El sector lácteo gallego estalla ante la presión de costes y la entrada de leche barata del extranjero

La tensión vuelve a crecer en el sector lácteo gallego. Esta semana, organizaciones agrarias han alzado la voz ante una situación que califican de “insostenible”: costes de producción disparados y precios en origen a la baja, en un contexto marcado por la llegada de leche importada a precios muy inferiores.
Desde Uniones Agrarias, su secretario general, Roberto García, ha advertido de la “preocupación real” que vive el campo gallego. Según explica, está entrando leche procedente de países como Francia o Portugal a unos 20 céntimos por litro, muy por debajo de lo que se paga en esos mismos países. “No tiene sentido que con dinero de los españoles se promocione leche de fuera mientras nuestros ganaderos no cubren costes”, critica.
El problema no se queda ahí. En paralelo, algunas industrias ya han comenzado a ofrecer nuevos contratos a la baja. Las primeras propuestas, según el sector, contemplan recortes de hasta ocho céntimos por litro, situando el precio base en torno a los 38 céntimos. Todo ello mientras producir leche es cada vez más caro: energía, fertilizantes, electricidad o envases han incrementado los costes en unos cuatro céntimos por litro en las últimas semanas.

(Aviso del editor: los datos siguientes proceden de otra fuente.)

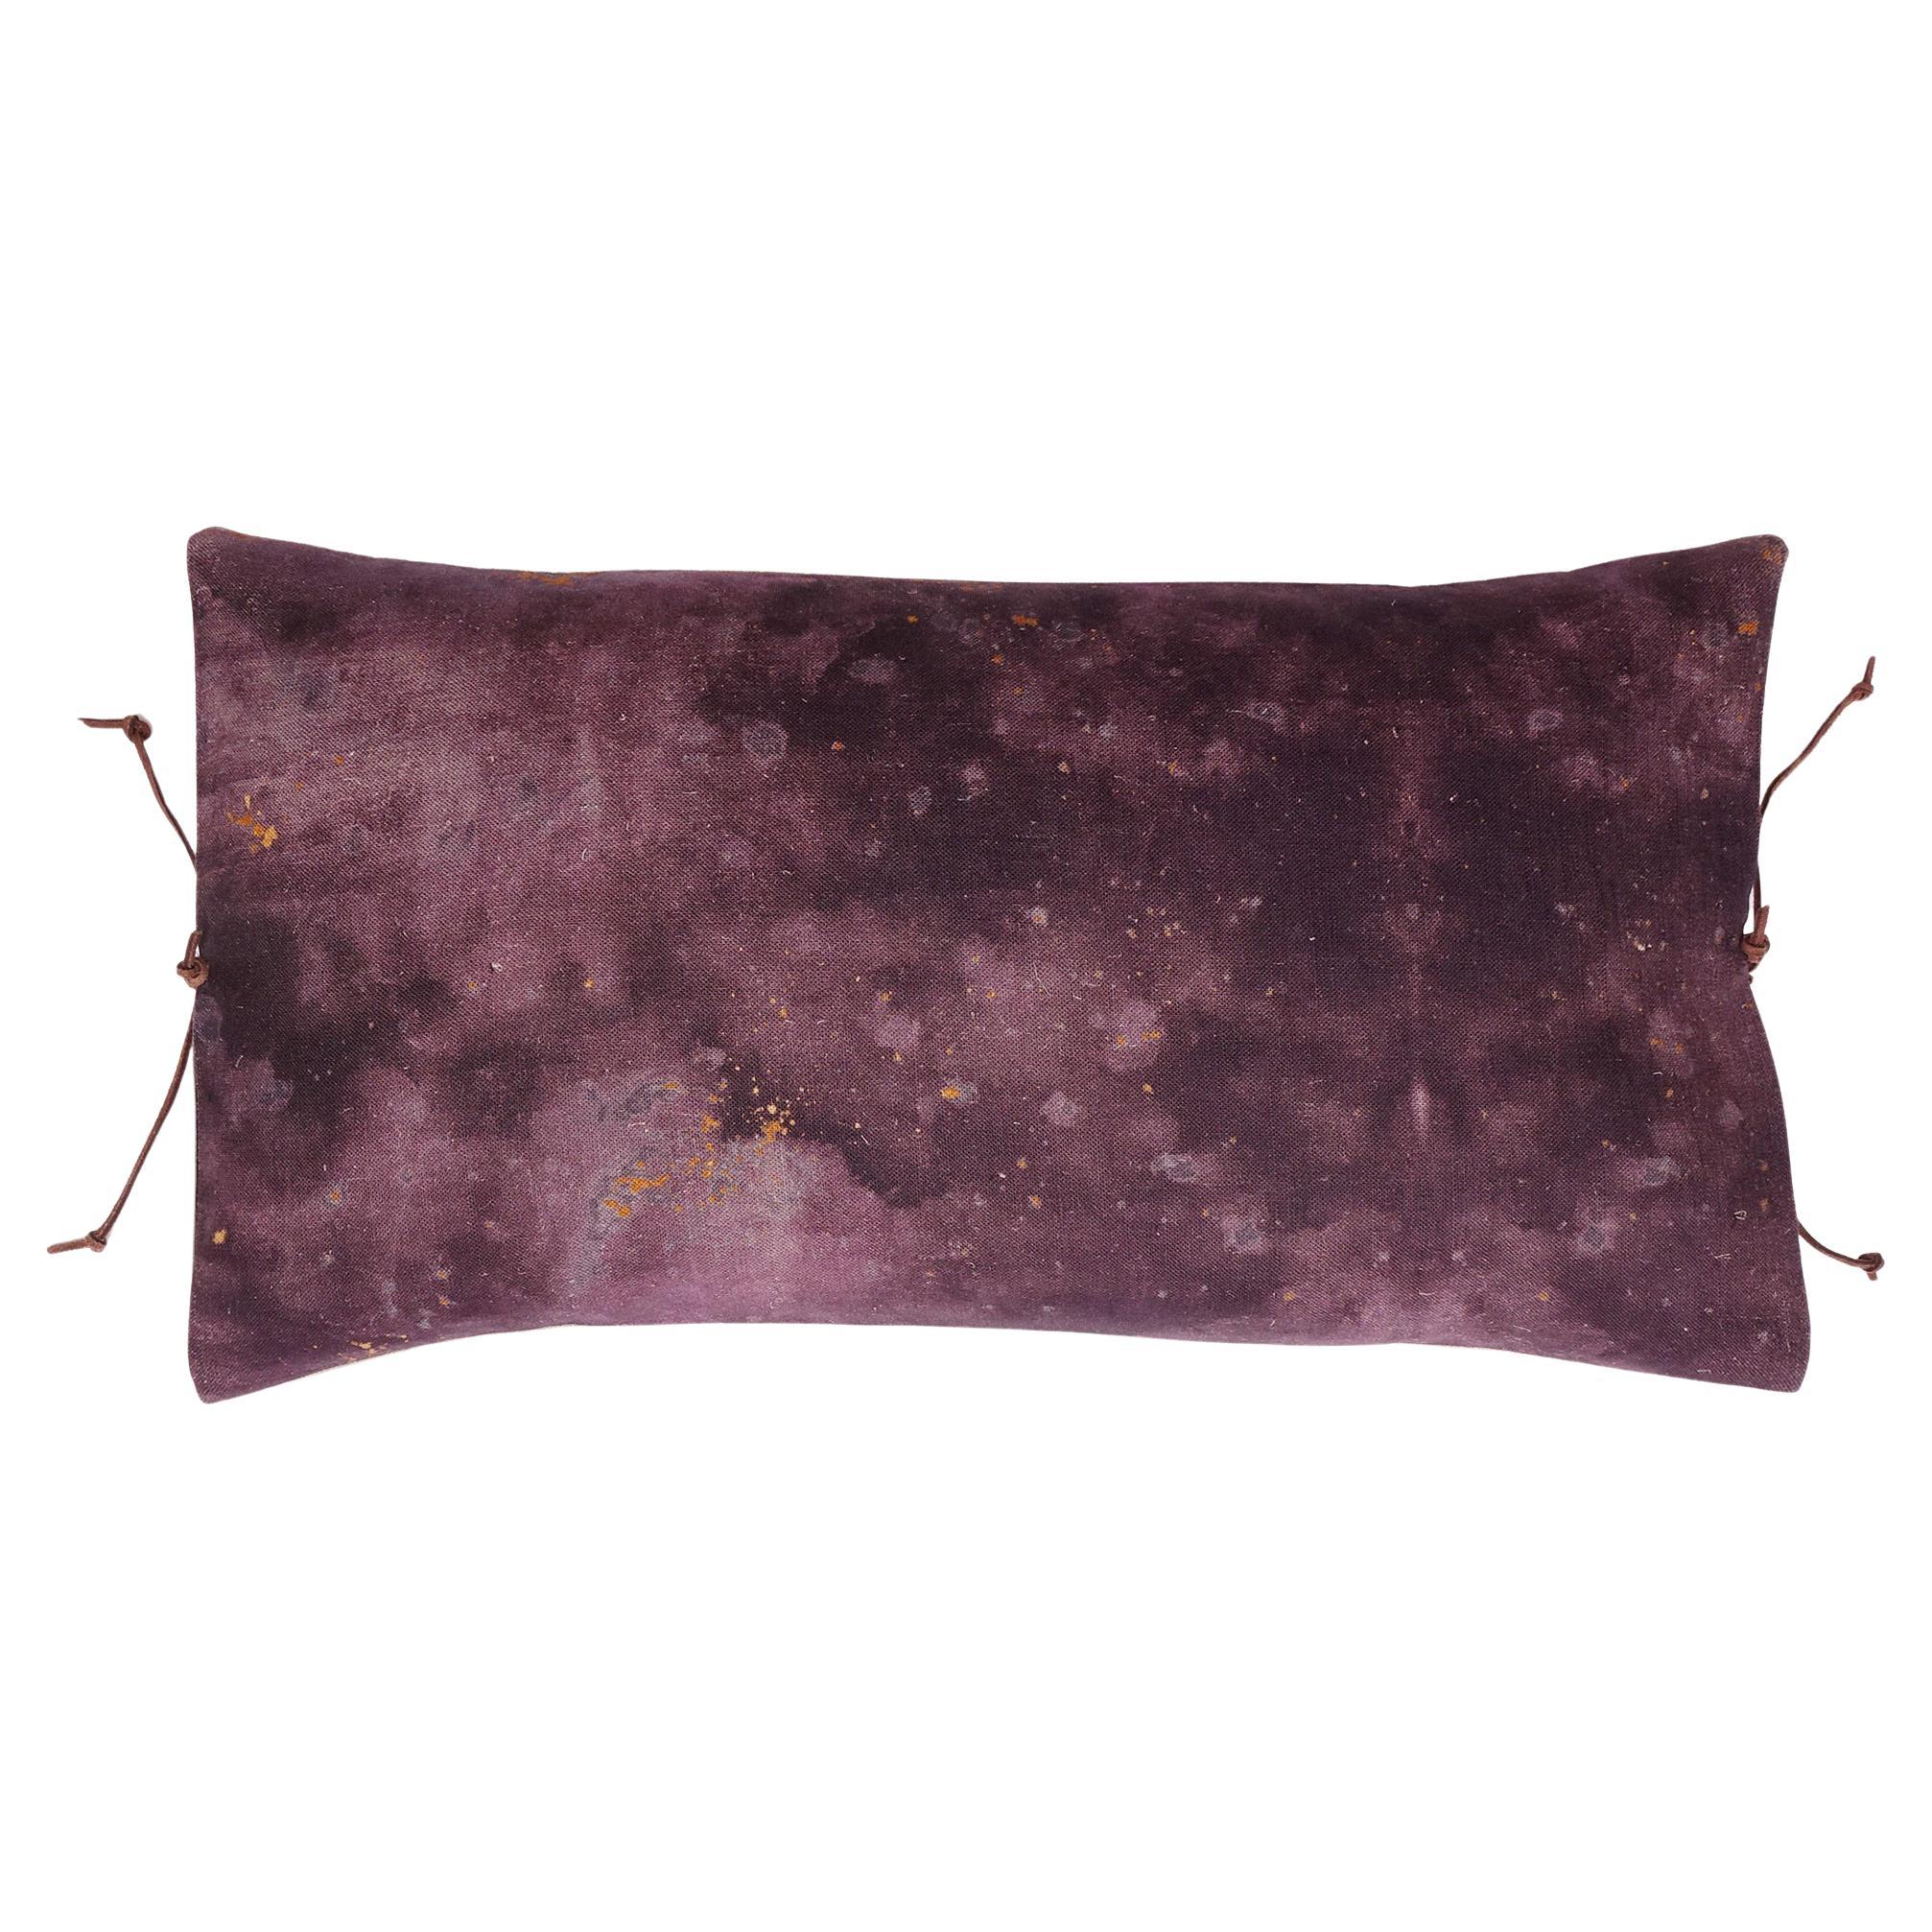 Printed Linen Pillow Cloudy Dusk For Sale

Este escenario encaja con la denuncia más amplia lanzada por la organización agraria UPA, que habla abiertamente de “especulación masiva y descontrolada” en el campo español. Señalan especialmente al encarecimiento del gasóleo agrícola, que ha subido entre 35 y 40 céntimos, muy por encima del combustible de uso general. “La única explicación es la especulación”, sostienen.
En este contexto, el sector lácteo se ha convertido en uno de los ejemplos más claros de desequilibrio dentro de la cadena alimentaria: mientras los costes suben con fuerza, los precios que reciben los ganaderos bajan. Una situación que, denuncian, vulnera el espíritu de la Ley de la Cadena Alimentaria, que prohíbe vender por debajo de costes.
Ante la creciente presión, la Xunta de Galicia ha movido ficha. La consejera de Medio Rural, María José Gómez, ha anunciado un plan “exhaustivo” de inspecciones que comenzará de inmediato. El objetivo será doble: revisar los contratos lácteos para evitar prácticas abusivas y controlar el etiquetado, garantizando que la leche identificada como gallega (especialmente la que luce el sello ‘Galega 100 %’) proceda realmente de explotaciones de la comunidad.
Mientras tanto, los ganaderos esperan medidas concretas que frenen una crisis que, lejos de remitir, amenaza con intensificarse en plena campaña de primavera.